Her interests at school turned to arts and performing.
"I had no idea of the road I was going to be going down. I was very much into sports. After I got sick I didn't really know what to do so I decided to take up a lot of arts subjects and found out I was pretty good at that."
Leila's singing landed her a place in the Victorian State Children's Choir and she continued to practise her art and dancing.
The performing ability is etched in her DNA. Her family tree is brimming with talent, including blind singer Geoffrey Gurrumul Yunupingu, Western Bulldogs player Nathan Djerrkura, former West Coast star David Wirrpanda and the late Fremantle player Gary Dhurrkay.
She said her interest in football always remained strong.
"Dad and all my cousins played football.

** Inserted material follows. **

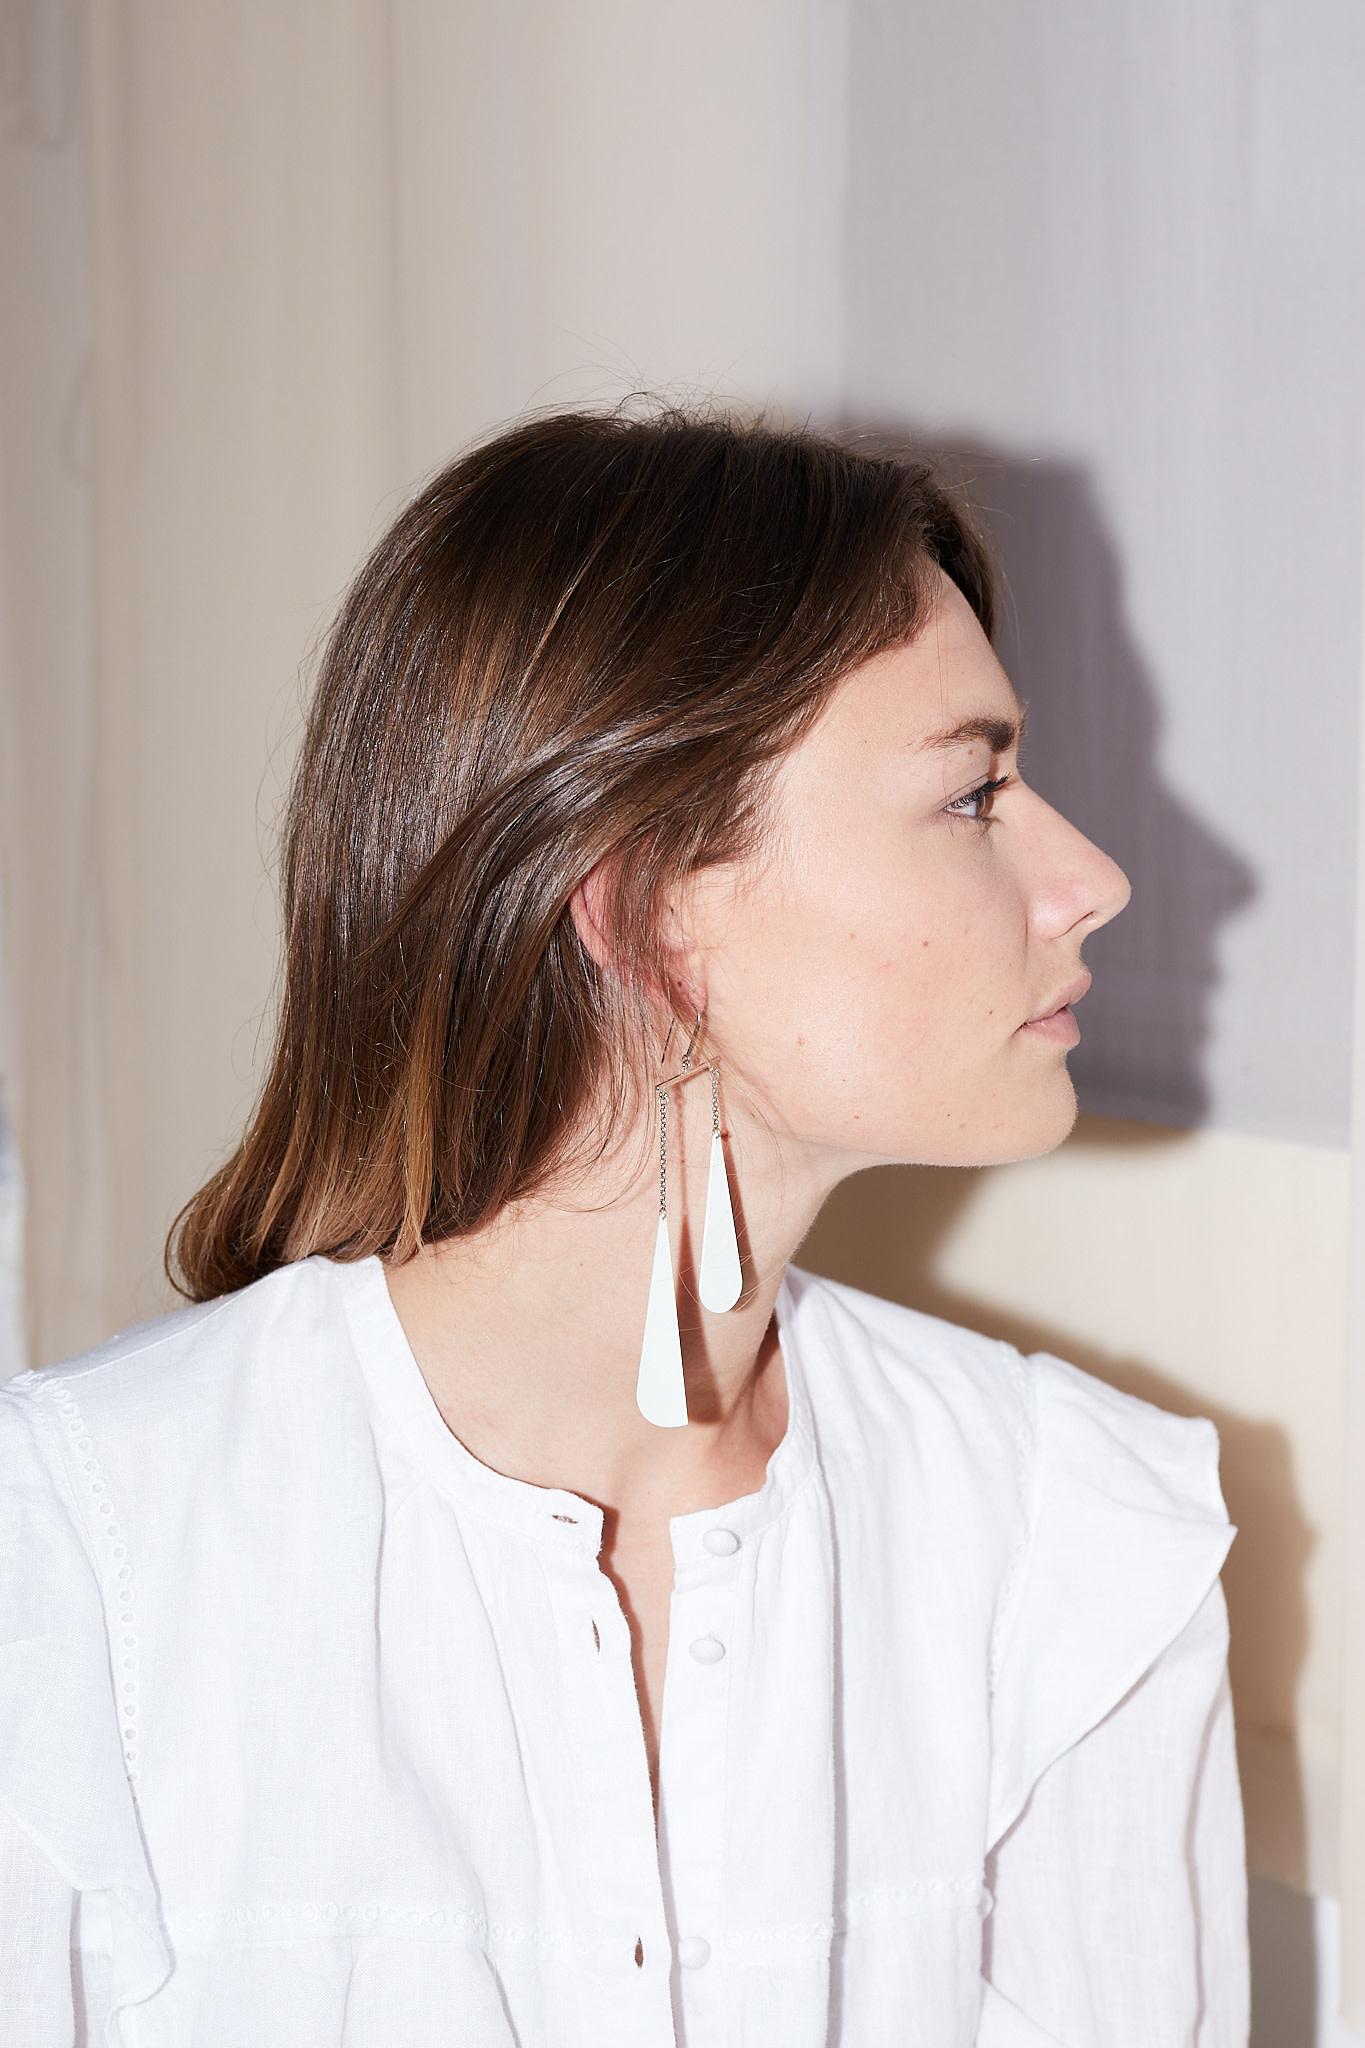 Isabel Marant - Boucle d'Oreill color drop earrings

The people I grew up with in Bendigo were big Carlton supporters but it wasn't until I moved to Melbourne and started going to the games that I got a real appreciation of the games."
It was also in Melbourne that her interest in the media began, with a role at Indigenous radio station 3KND, that eventually led to a radio show called Marngrook.

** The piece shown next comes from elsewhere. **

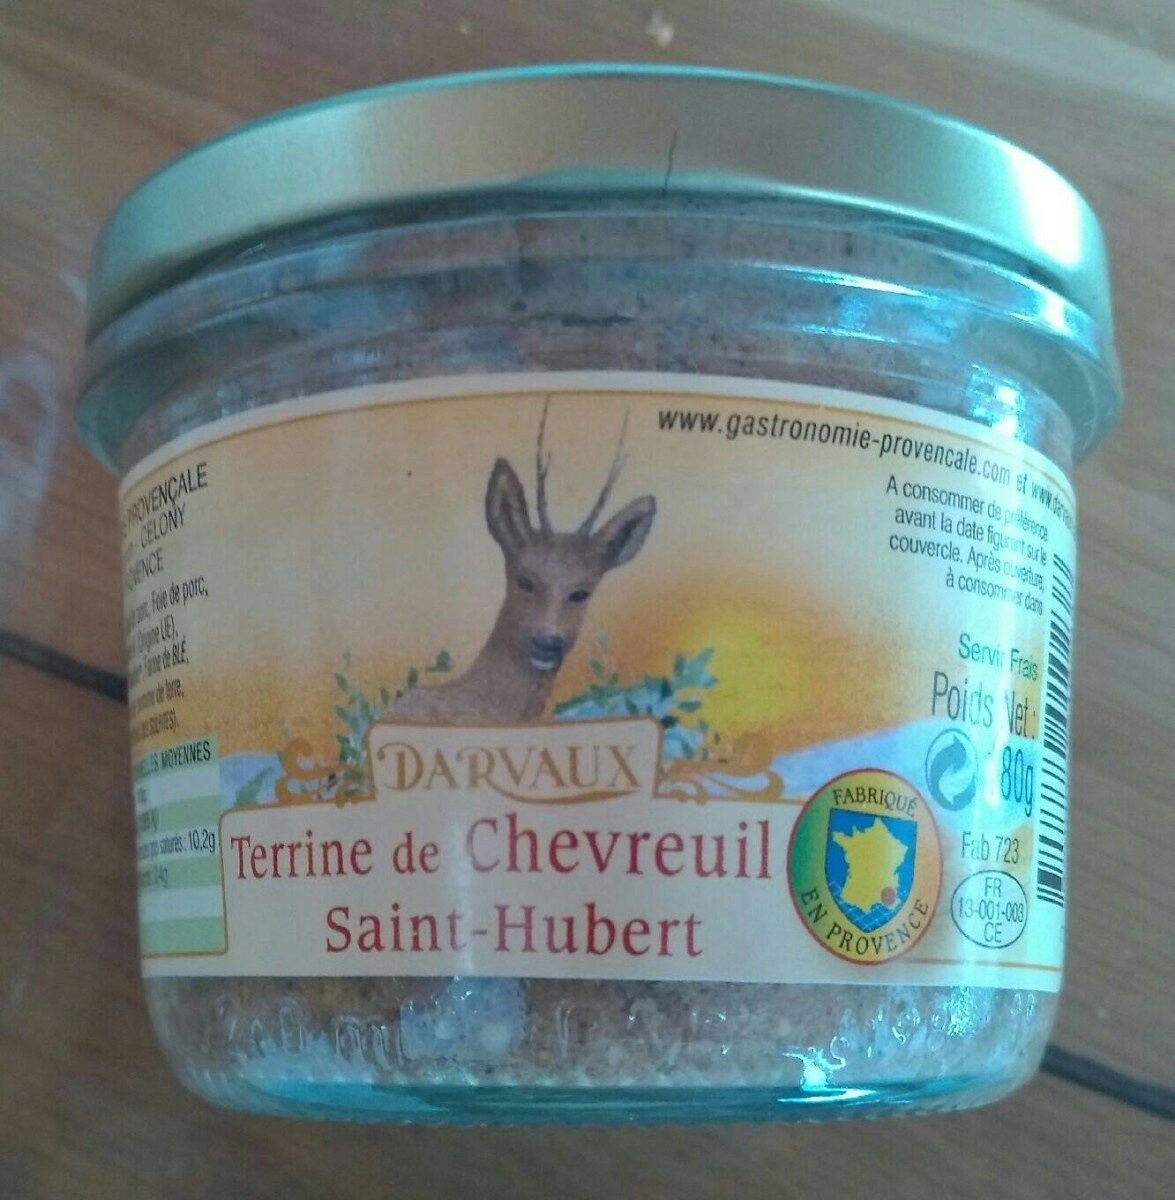 Terrine de chevreuil saint Hubert - Product - fr

At 19, Leila was thrown in at the deep end with the radio show turning into a TV program.
She said the experience was a little nerve-racking to begin with but she felt rewarded for her dedication and effort.

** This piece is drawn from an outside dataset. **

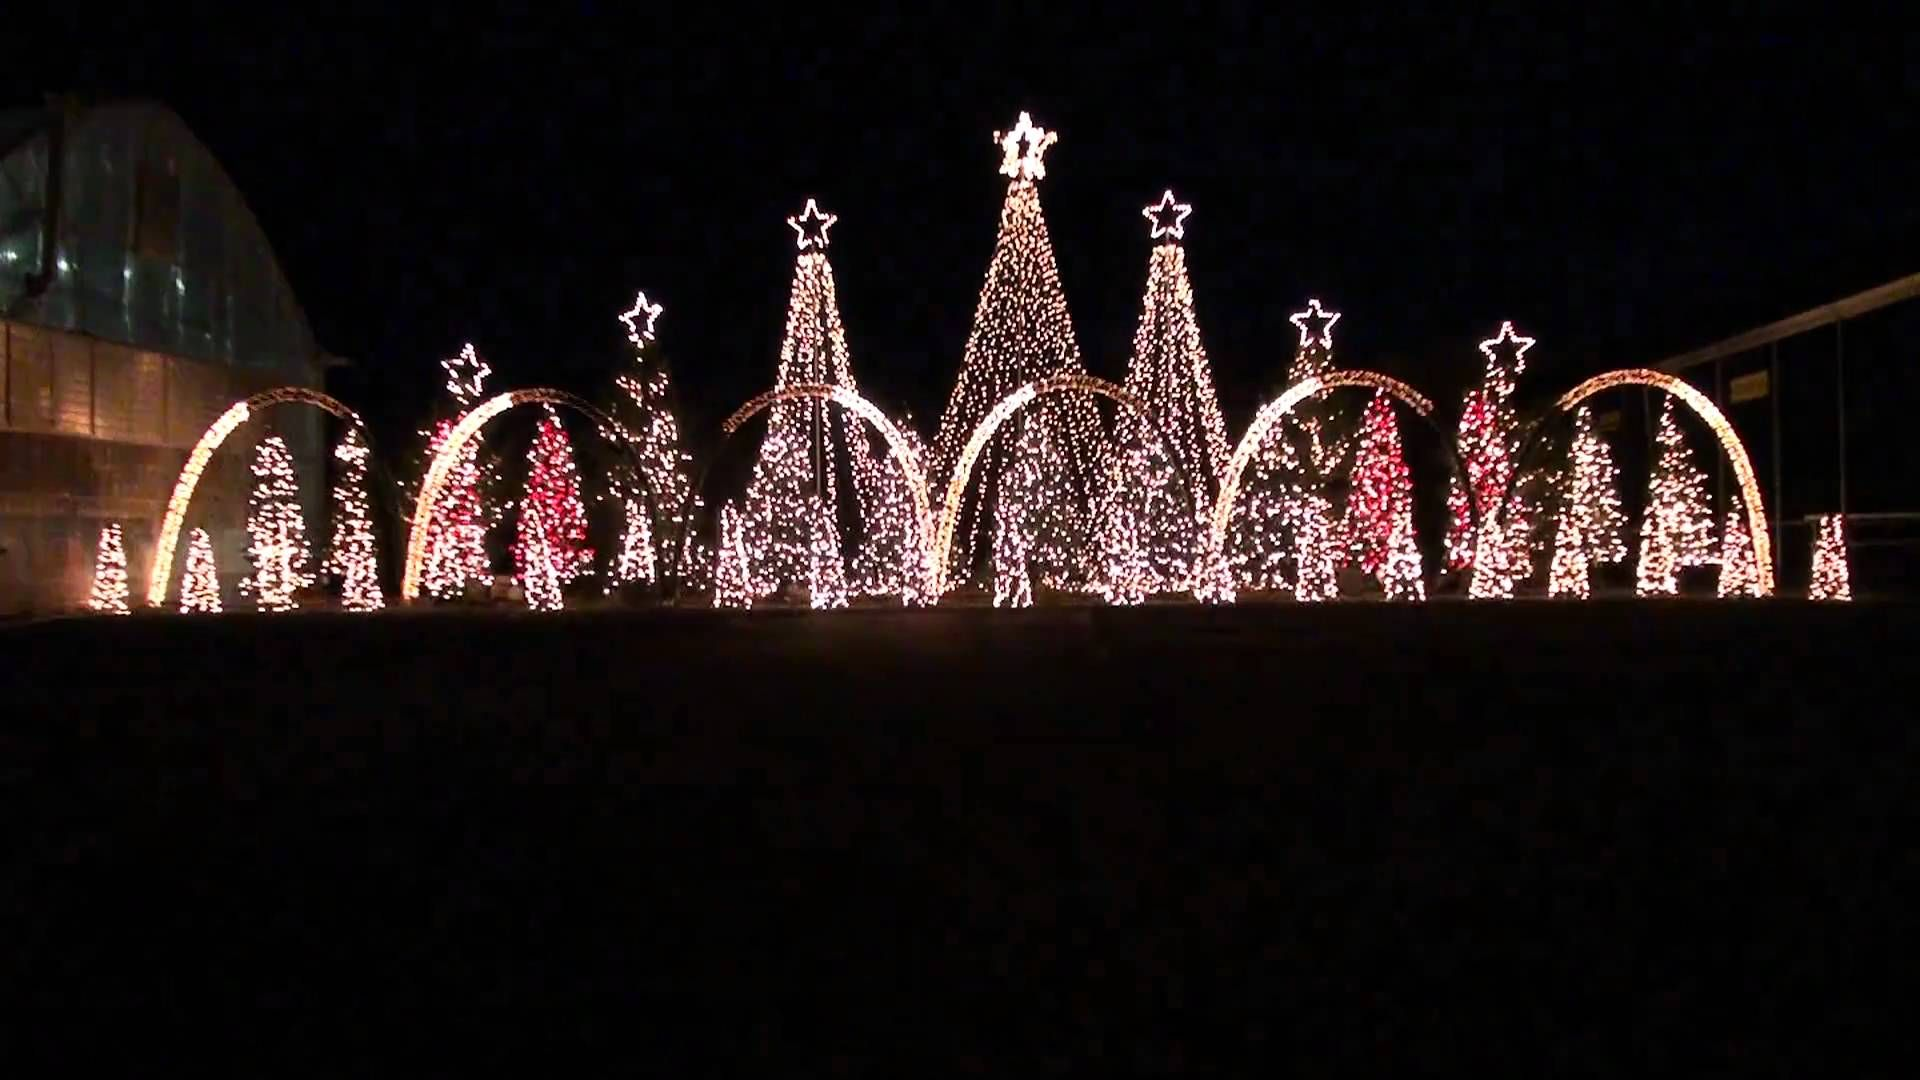 Amazing Grace Techno - Synchronized Christmas Light Show to Music ...

"I lacked in confidence for a lot of reasons. Luckily I had a very good support system around me, which helped me grow in my spot on the show."
"I've had a lot of people tell me for one reason or another that I wasn't going to succeed, that things weren't going to happen for me. So I think that drive for me to prove them wrong was a really big thing for me. But not only that, it was also to prove to myself that I am deserving of things in life, and success."
The show, now broadcast on ABC TV, has helped launch her media career and given a broader voice to Indigenous players and fans of the AFL.
"It's very important to get an Indigenous perspective on the AFL. It helps for the players to have them step up in that media arena as well. It's not just a show for Indigenous people, it's a show for everyone."
The commitment to furthering Indigenous culture in the media has inspired her to co-produce a show on Indigenous dancing.
The show, with a working title 'Dance Off' is currently being filmed and will focus on a competition in her native Arnhem Land, Northern Territory.
"It's going to be about an Indigenous dance competition and showcasing the things that are happening in the community. It's about going behind the scenes and getting people to see the things within the culture. I think it's very important to show the positive aspects, where a lot of things in the news and culture tend toward the negative view."
Leila said her late father, a lecturer at Charles Sturt University and a leader of the community in Galiminku, is still a big inspiration for her.
"I'm trying to live up to his name and do as much for her community as he did."
With a busy recording schedule during the footy season, Leila spends her time off up North with family or visiting friends in Bendigo.
"I'm back in Bendigo every couple of months, visiting family and friends. It's very much an important part of my life. My friends from Bendigo are very supportive, they still see me as the shy girl they knew from High School and that's what I love about Bendigo is just being me as opposed to being a TV personality."
After more than five years of experience on the Marngrook Footy Show, Leila said the highlight each year is the dreamtime round.
"I'm always nervous every year before the round. It's an important part of the AFL season, we get to see some amazing Indigenous players running around and see how integral they are to the rest of their team."
With an entrenched passion for football she said she'll always be involved in the sport in some way or another.
"I'm one of those people who take advantages when they come, when a door opens for me I take it. At the moment I'm very happy doing the show and having the opportunities to do my own show, telling stories of my culture."